The South African government is using WhatsApp to run an interactive chatbot which can answer common queries about COVID-19 myths, symptoms and treatment. It has reached several million users in five different languages.

Yoco, a small-business payments startup in South Africa, issued a directive to clients to encourage customers to use the contactless payment option to its point of sale machines. The startup has also accelerated development of a remote payment product, that would enable transfers on its client network via a web link.

Two former University of Cape Town students has created Coronapp, a tool that centralizes information flow about the pandemic in South Africa, in an effort to curb fake news and curb panic.


Zimbabwean startup, Fresh In A Box, is delivering fresh produce door to door, directly from farmers. The company runs off an app, and the venerable three-wheeled motorcycles deliver the food boxes. This helps reduce the risk of infection and prevents people from starving.


The Market Garden app lets vendors sell and deliver fruits and vegetables to customers as restrictions to promote social distancing have been enforced in Uganda.
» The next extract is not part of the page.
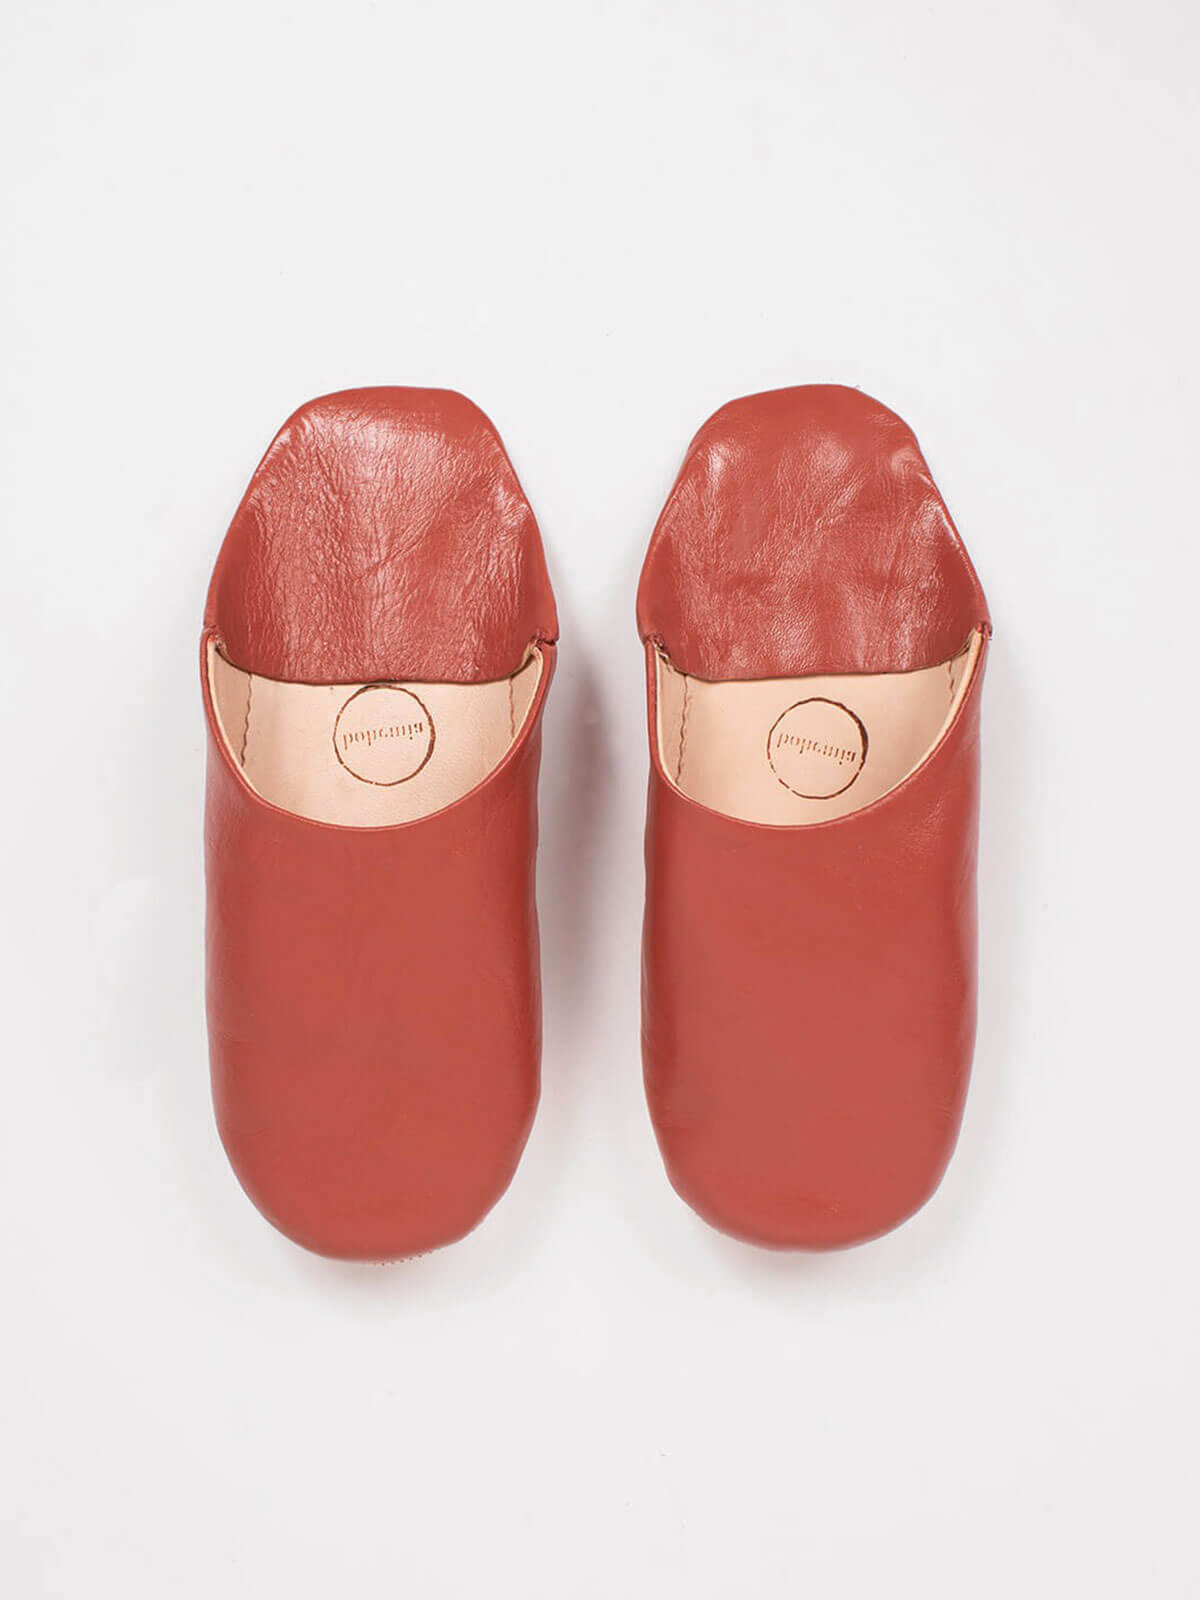 Moroccan-babouche-womens-slippers-terracotta-BohemiaDesign_103eb859-2382-46c0-b3eb-3af20ce92eab.jpg

Developed by the Institute for Social Transformation, a Ugandan charity, it reduces bustling crowds in market areas by allowing women to sell their goods from their homes through the app. Motorcycle taxis deliver the goods to customers.

Also, Vincent Ssembatya, a professor at Makerere University in Kampala, Uganda, teamed up with another success story, car manufacturer Kiira Motors, with the only goal of making affordable ventilators to supply the country’s cash-strapped health care system. “Everyone is demanding the same product, so Africa has a very small chance,” Ssembatya says in a report.


In March, telecoms giant Safaricom, which owns M-Pesa has waived fees on transfers of under 1,000 shillings ($10/€9), while Airtel has also waived charges on all payments through its platform Airtel Money. M-Pesa is used by more than 20 million people.
Now, daily transaction limits on the platform have also been increased from 70,000 shillings ($660) to 150,000 shillings ($1,415) for small and medium-sized enterprises.